> _Exercise objective_
Skip pictures in the listing below; copy exactly the lines from the one with "Womens Bella Vita" through the one with "Kolor na Ślub", inclusive.
Start of Data listing
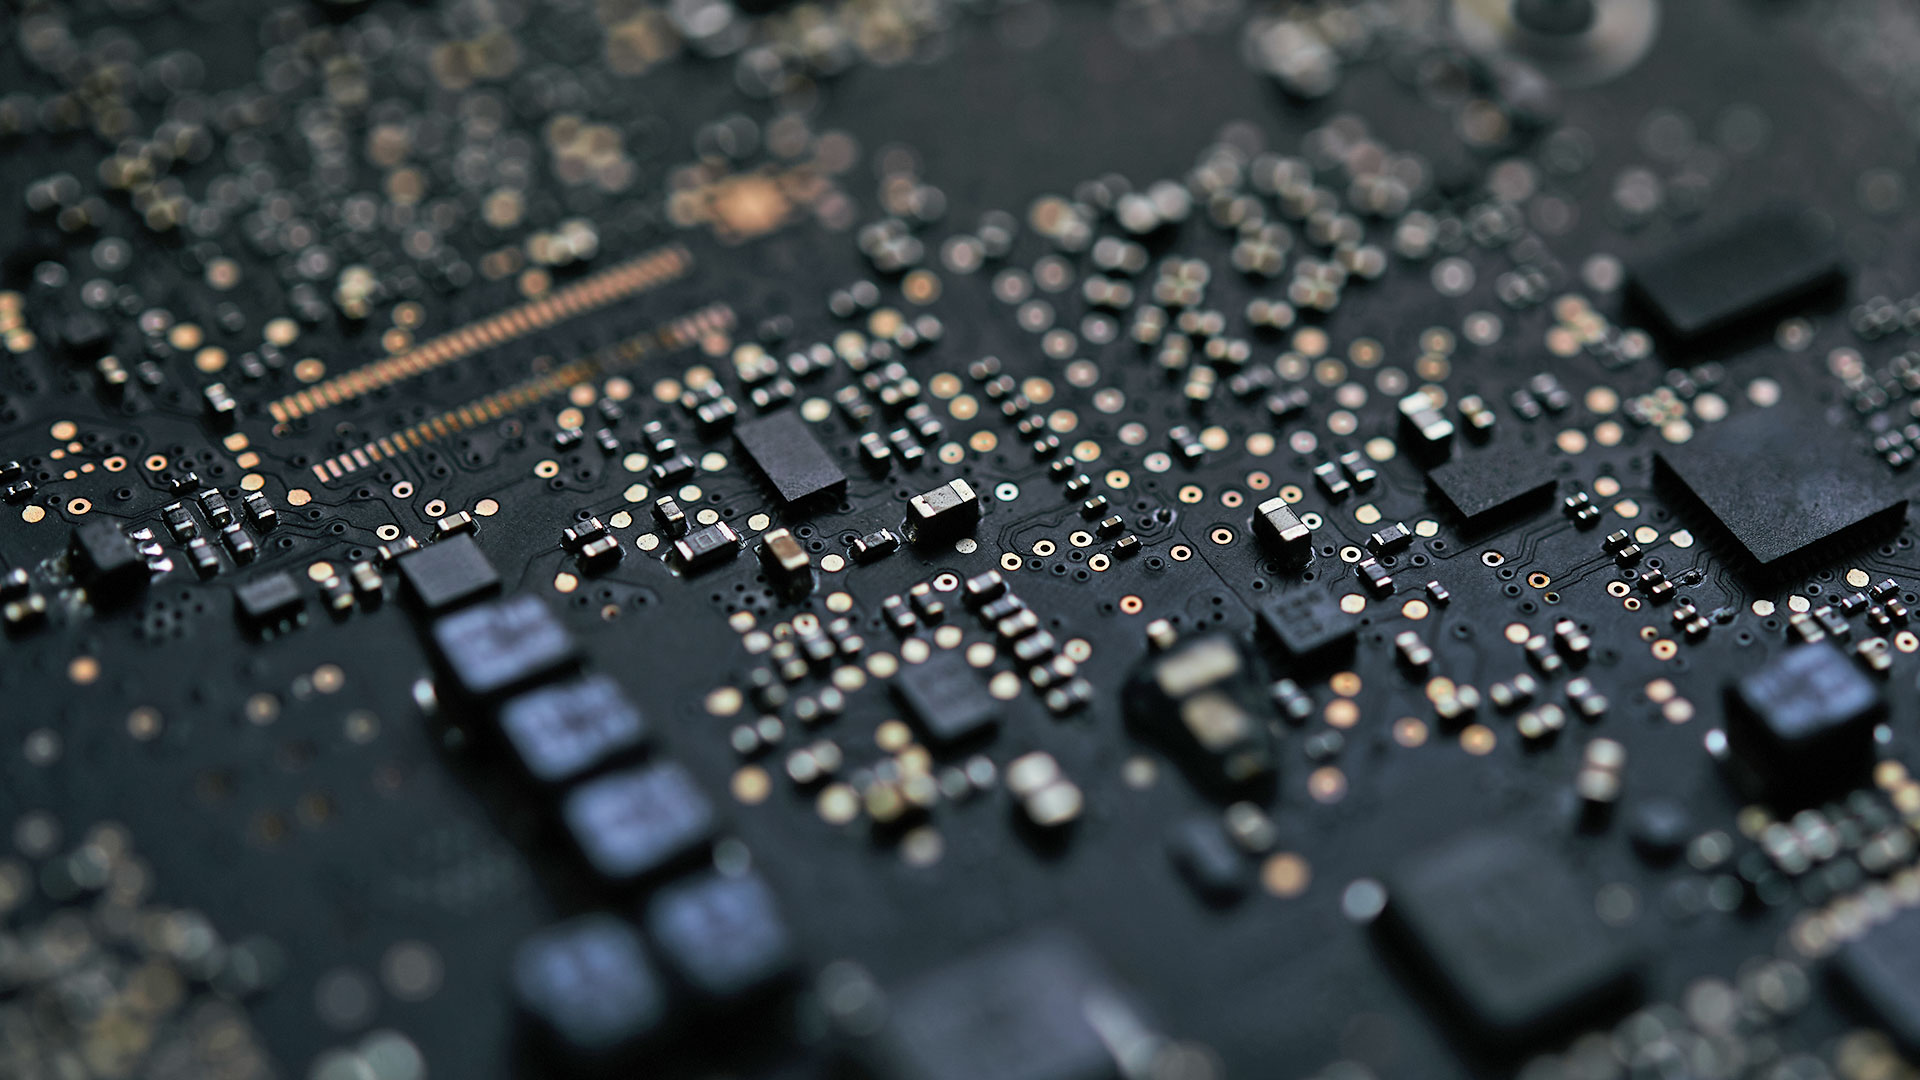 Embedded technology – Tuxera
End of Data listing
Start of Data listing
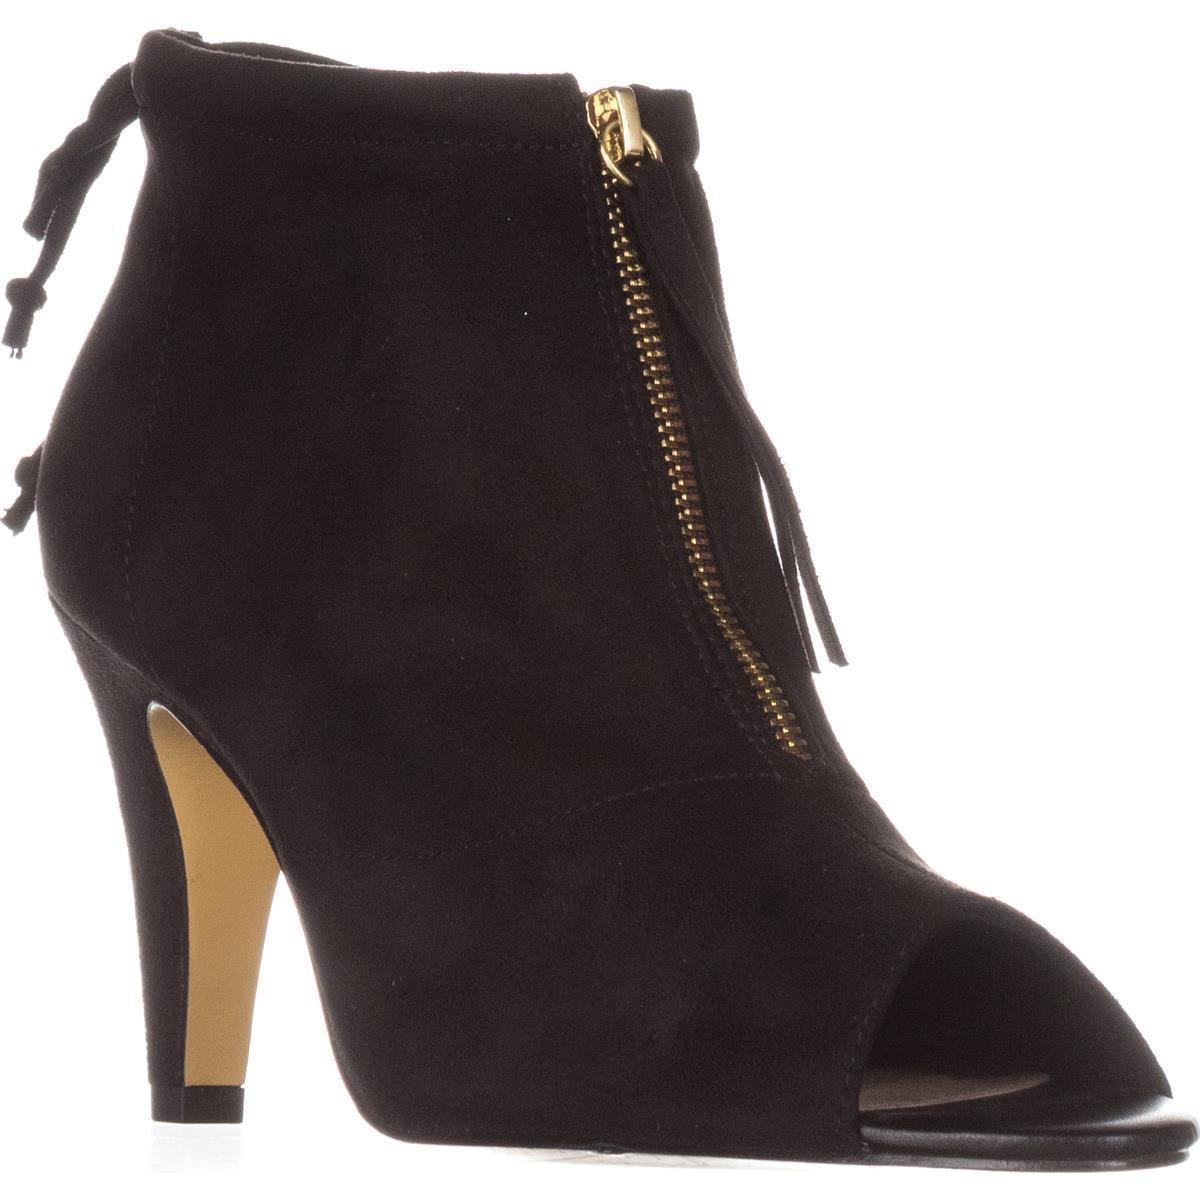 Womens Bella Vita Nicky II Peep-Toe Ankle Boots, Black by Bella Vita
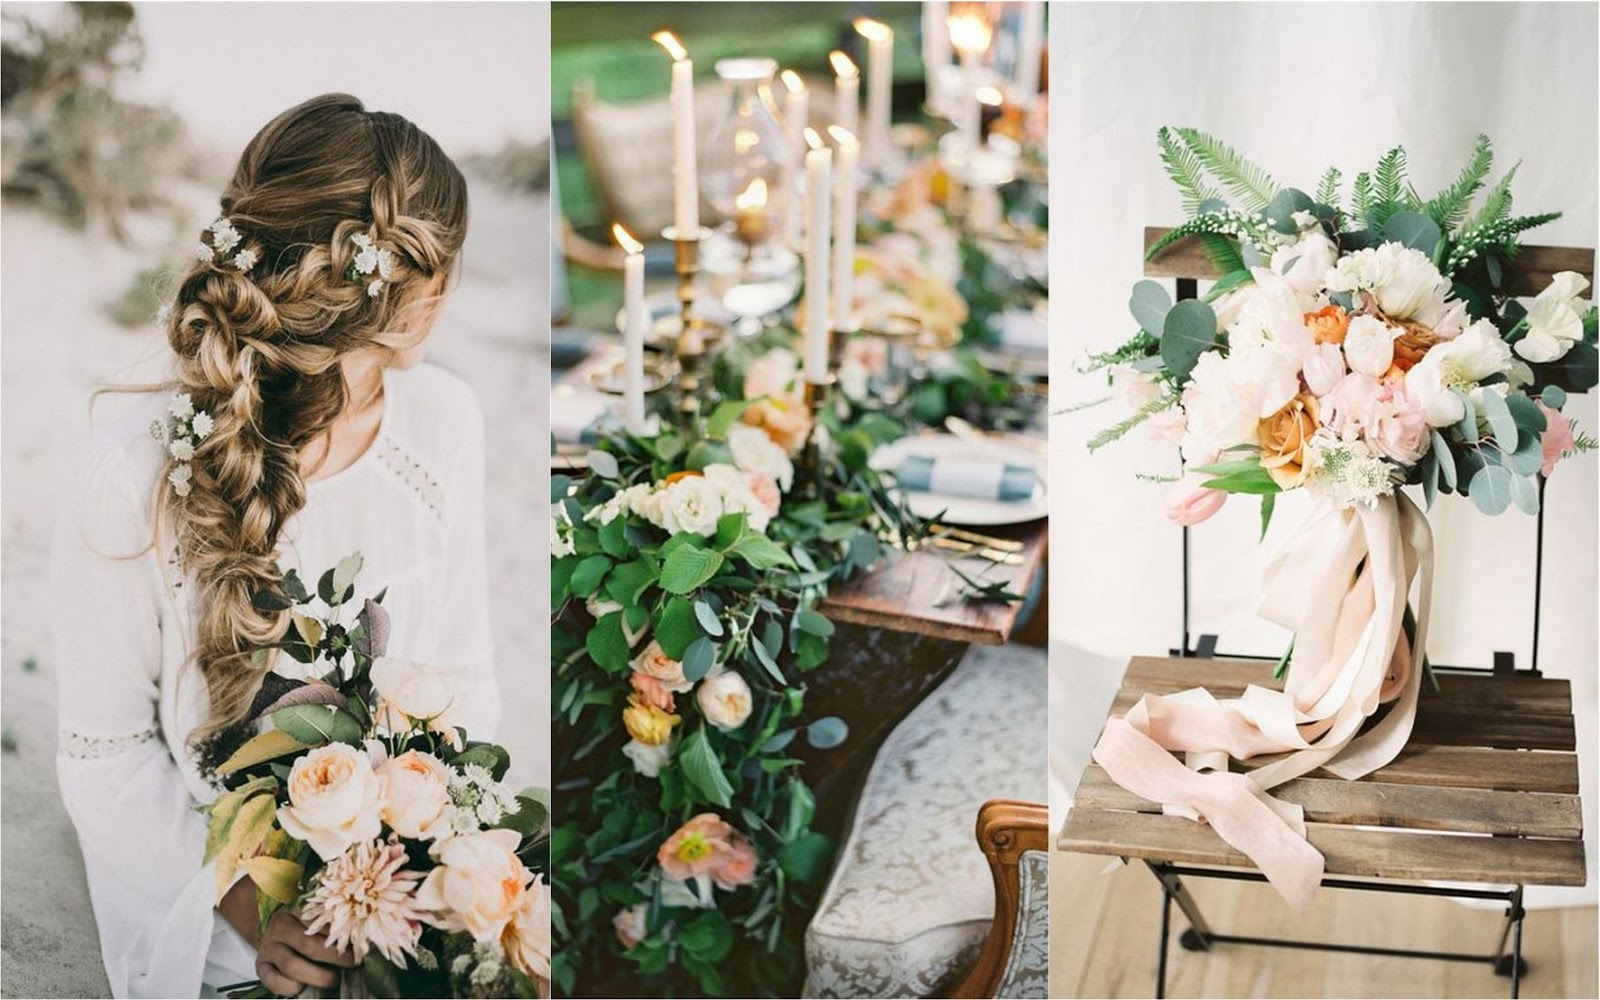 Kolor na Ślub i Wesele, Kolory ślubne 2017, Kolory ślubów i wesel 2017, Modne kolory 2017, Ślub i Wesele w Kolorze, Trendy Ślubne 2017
End of Data listing
Start of Data listing
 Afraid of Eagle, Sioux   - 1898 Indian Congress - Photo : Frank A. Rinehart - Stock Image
End of Data listing
> _Response to the exercise_
 Womens Bella Vita Nicky II Peep-Toe Ankle Boots, Black by Bella Vita
 Kolor na Ślub i Wesele, Kolory ślubne 2017, Kolory ślubów i wesel 2017, Modne kolory 2017, Ślub i Wesele w Kolorze, Trendy Ślubne 2017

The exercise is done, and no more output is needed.